TASK STATEMENT — Repeat all of the data below word for word, keeping no images.

SOURCE MATERIAL —
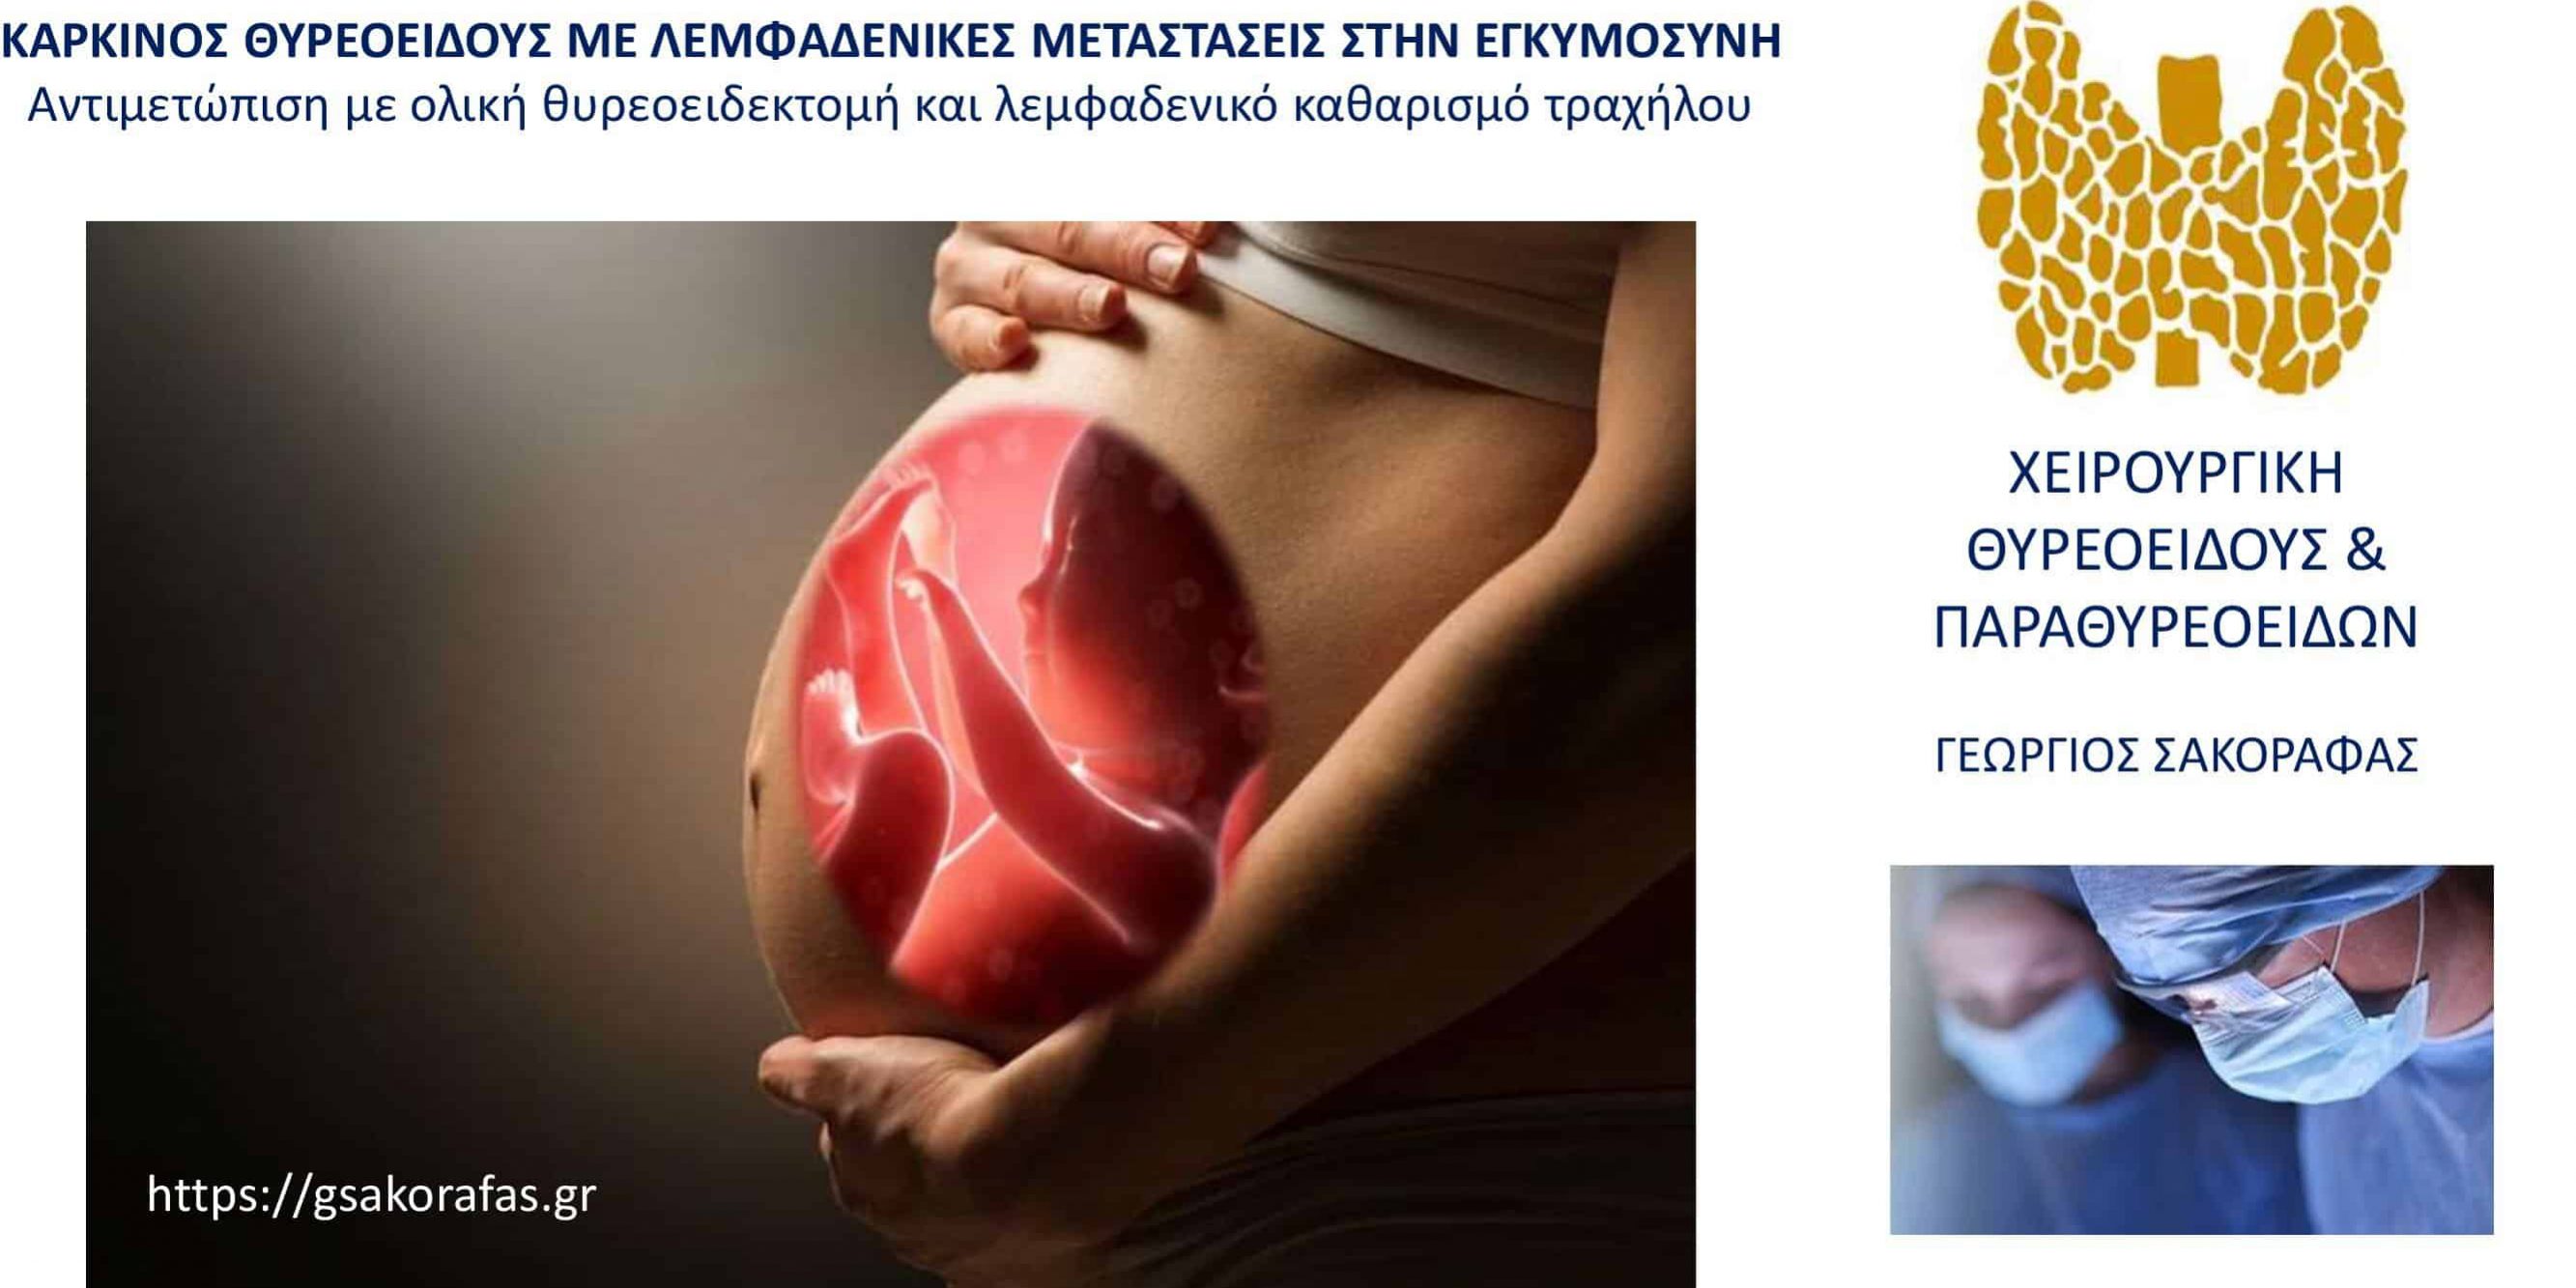 Καρκίνος θυρεοειδούς σε έγκυο γυναίκα – ολική θυρεοειδεκτομή και λεμφαδενικός καθαρισμός τραχήλου (με αφορμή 38χρονη ασθενή μας)
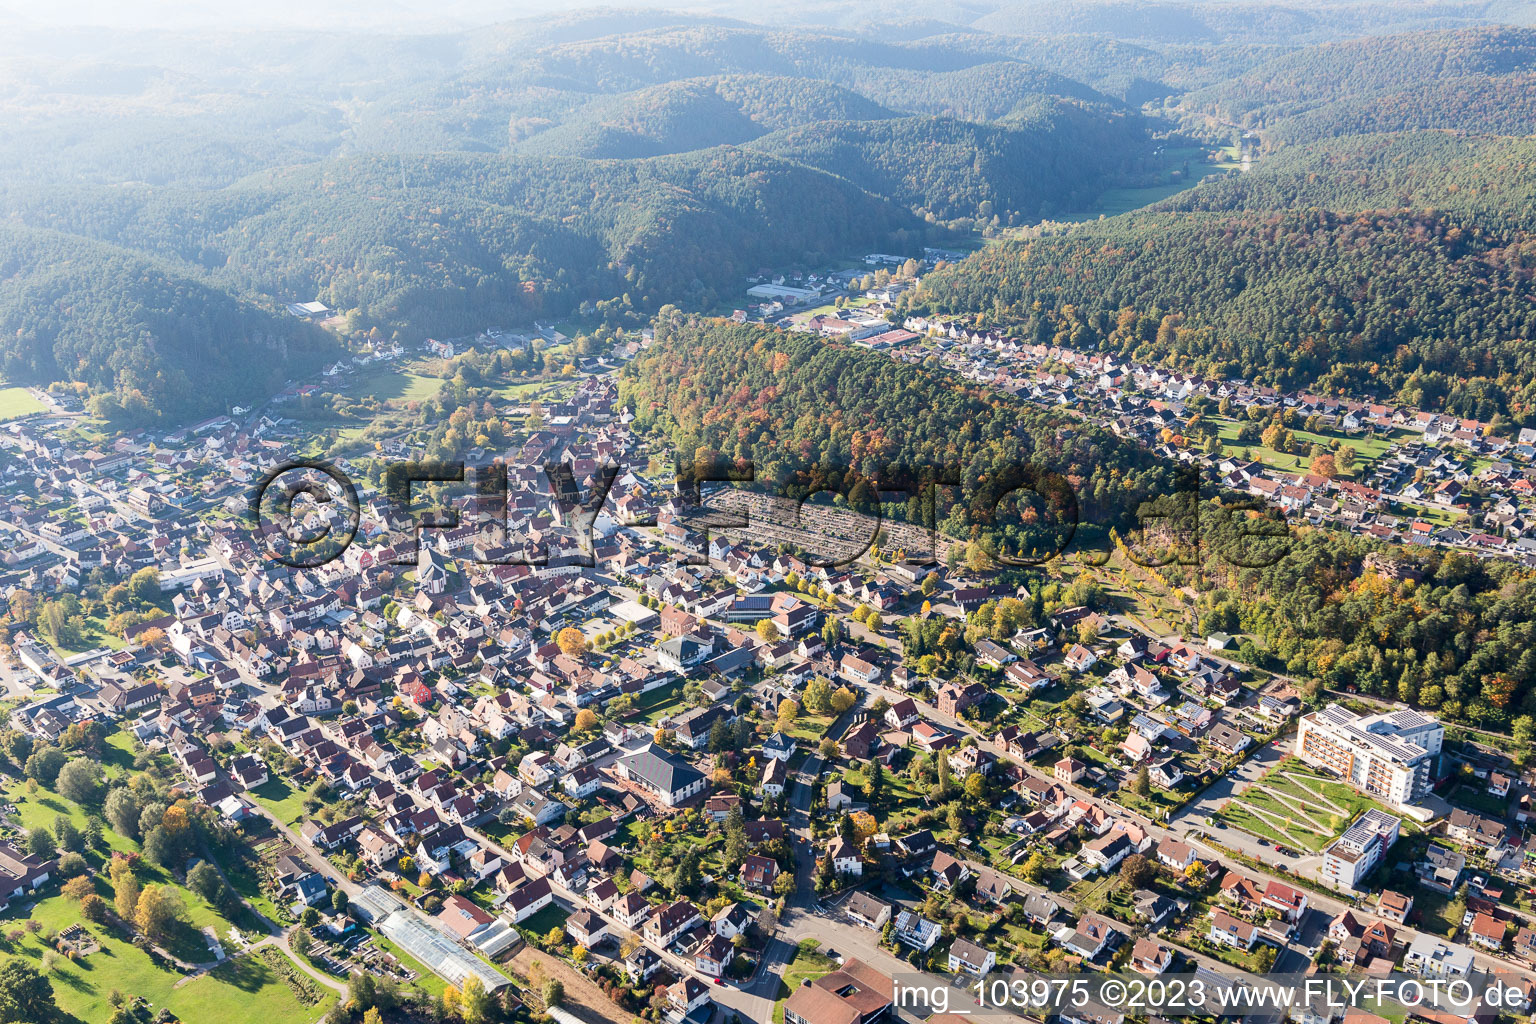 Dahn im Bundesland Rheinland-Pfalz, Deutschland aus der Luft betrachtet
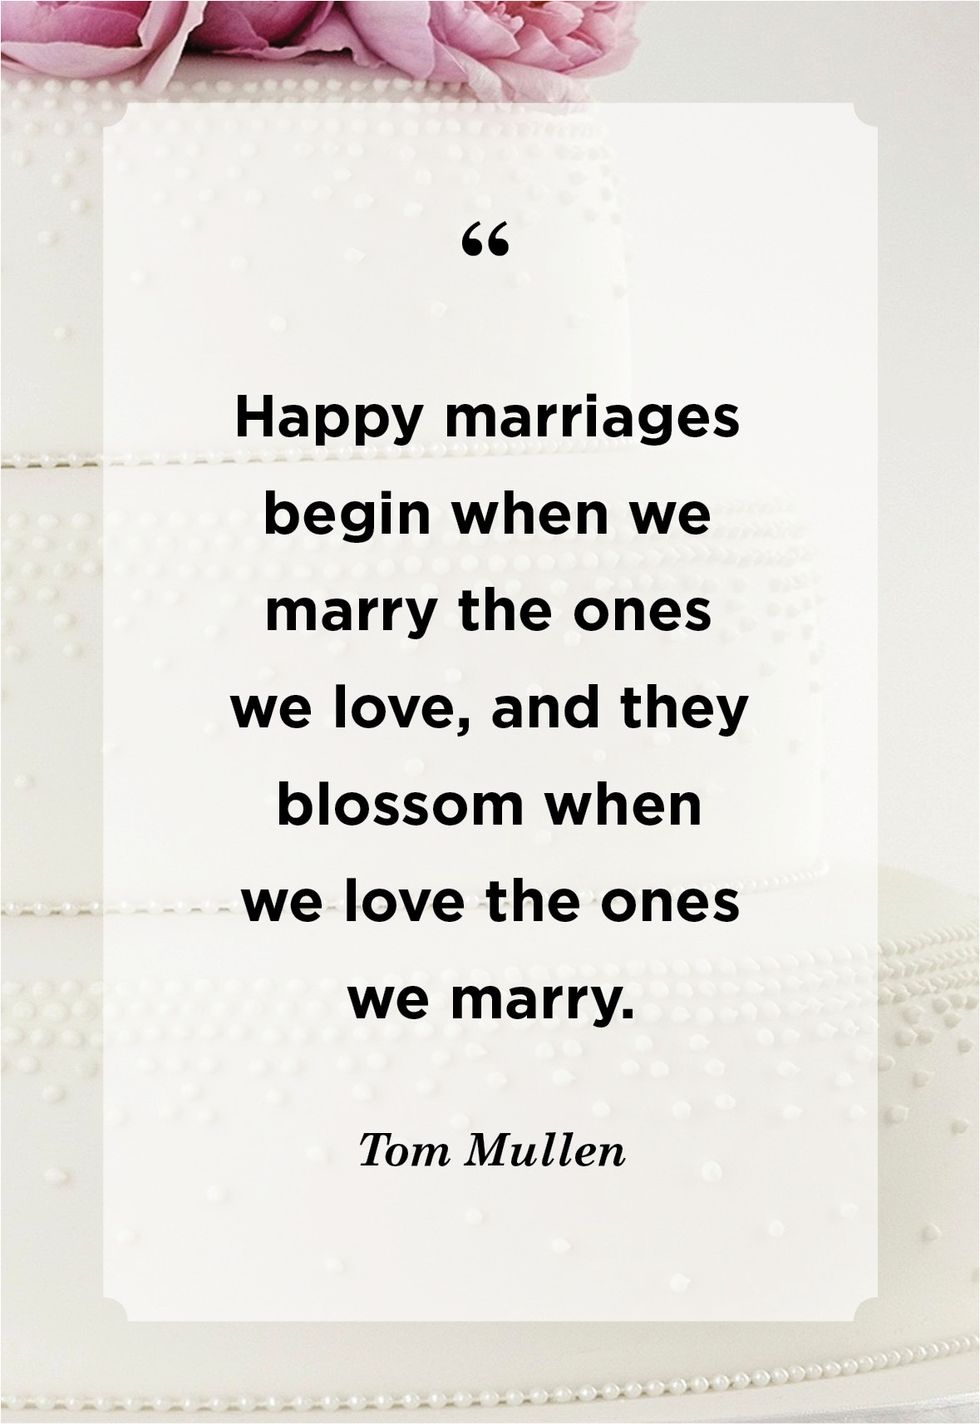 tom mullen wedding quote
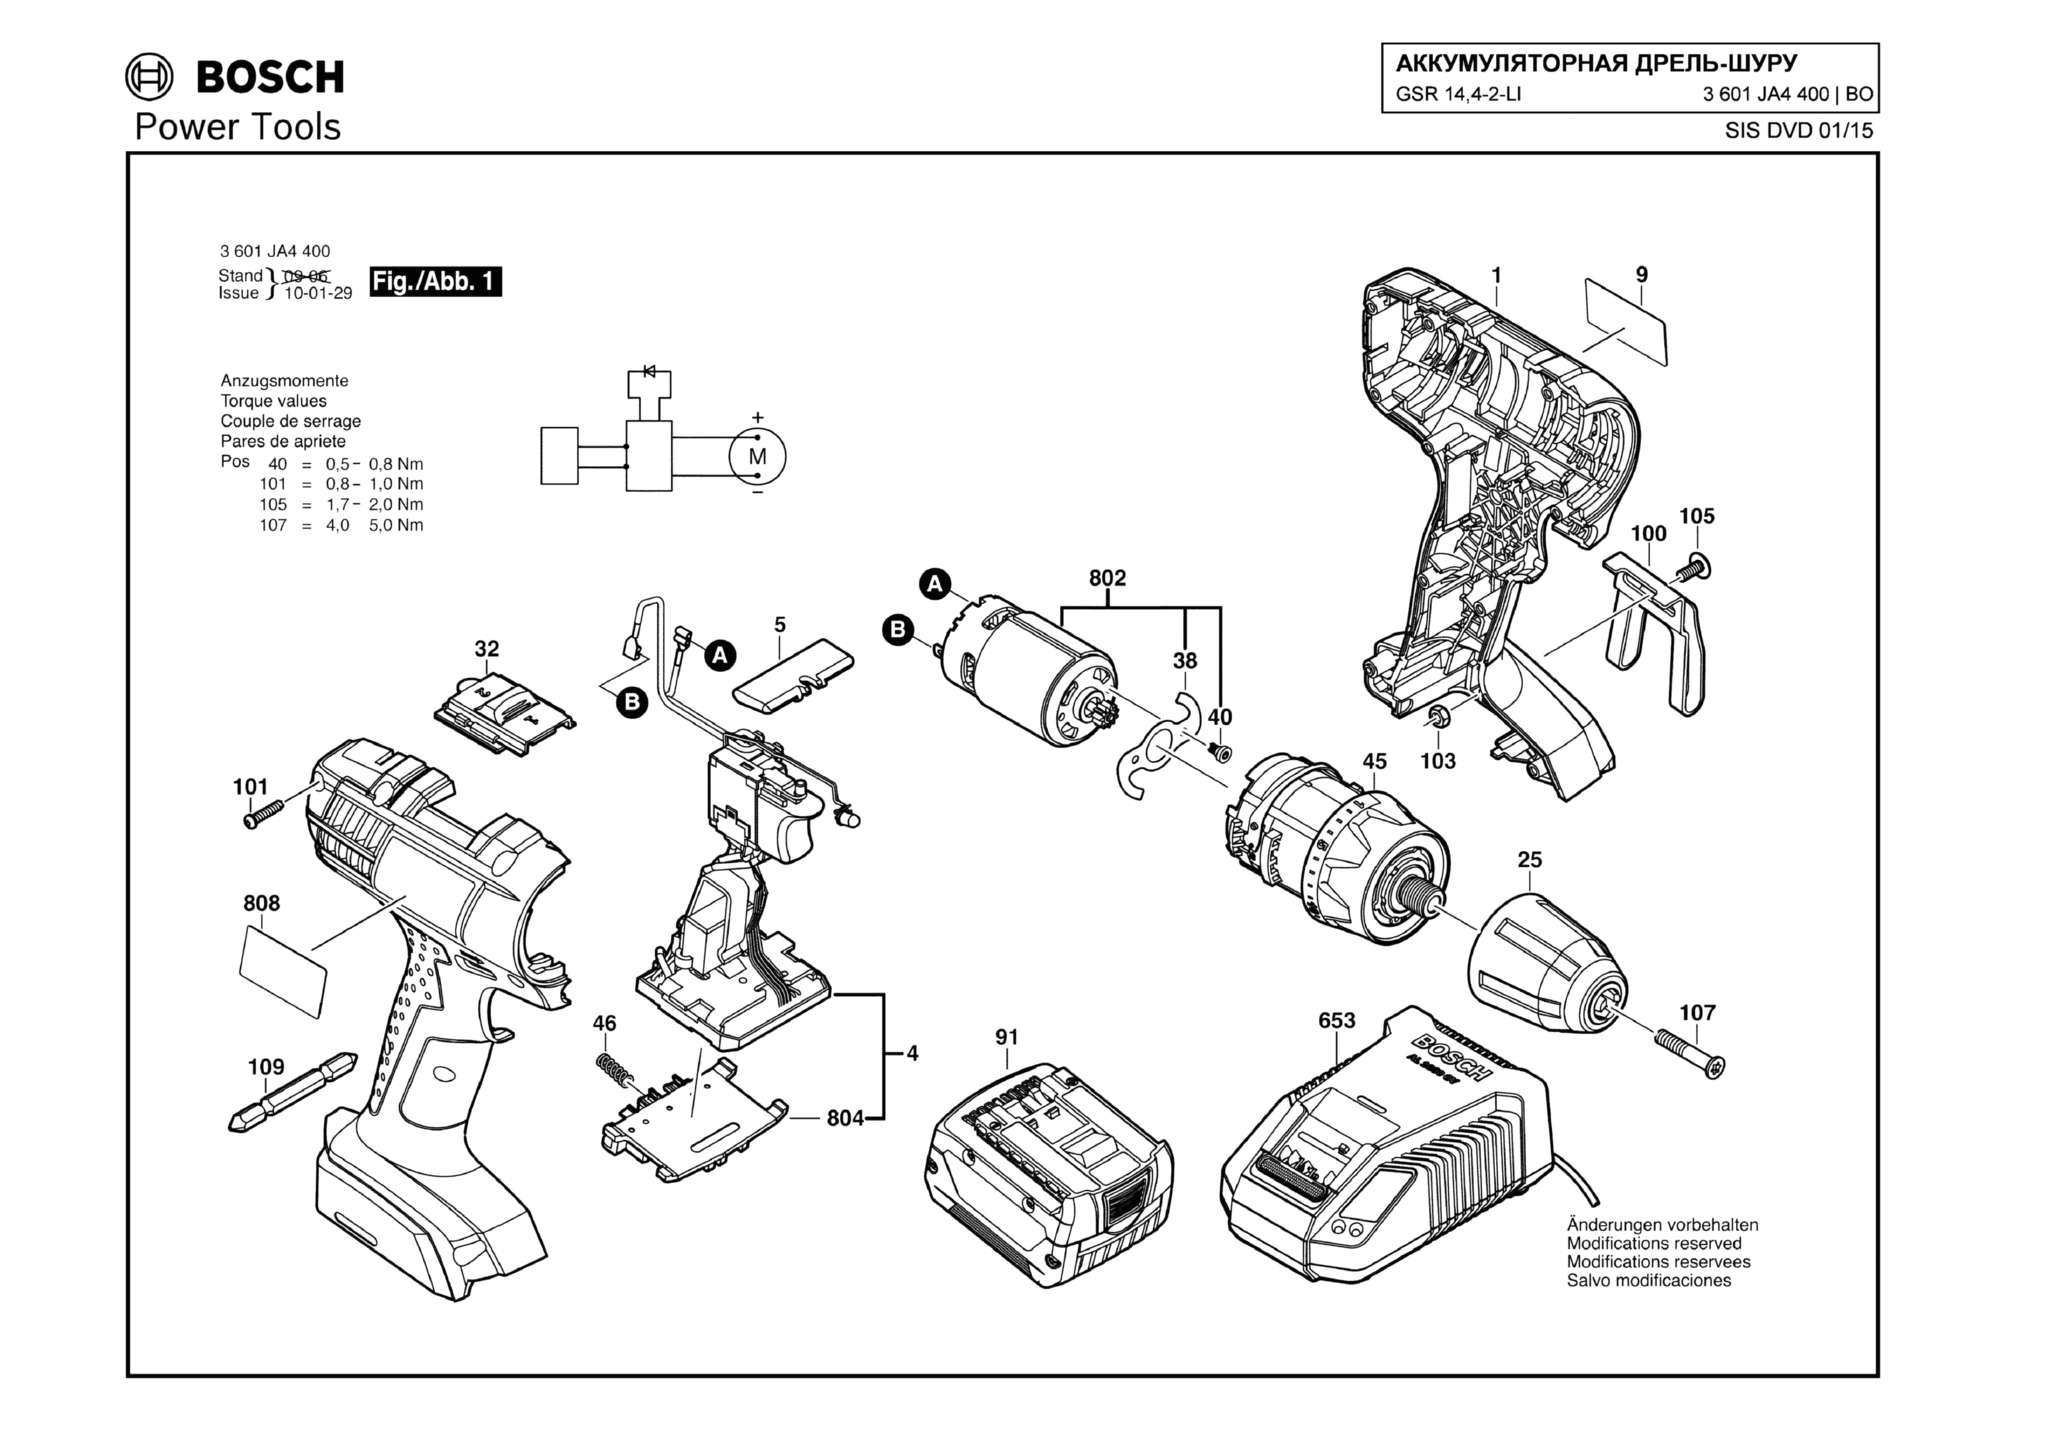 Запчасти, схема и деталировка Bosch GSR 14,4-2-LI (ТИП 3601JA4400)

OUTPUT FOR THIS EXERCISE —
 Καρκίνος θυρεοειδούς σε έγκυο γυναίκα – ολική θυρεοειδεκτομή και λεμφαδενικός καθαρισμός τραχήλου (με αφορμή 38χρονη ασθενή μας)
 Dahn im Bundesland Rheinland-Pfalz, Deutschland aus der Luft betrachtet
 tom mullen wedding quote
 Запчасти, схема и деталировка Bosch GSR 14,4-2-LI (ТИП 3601JA4400)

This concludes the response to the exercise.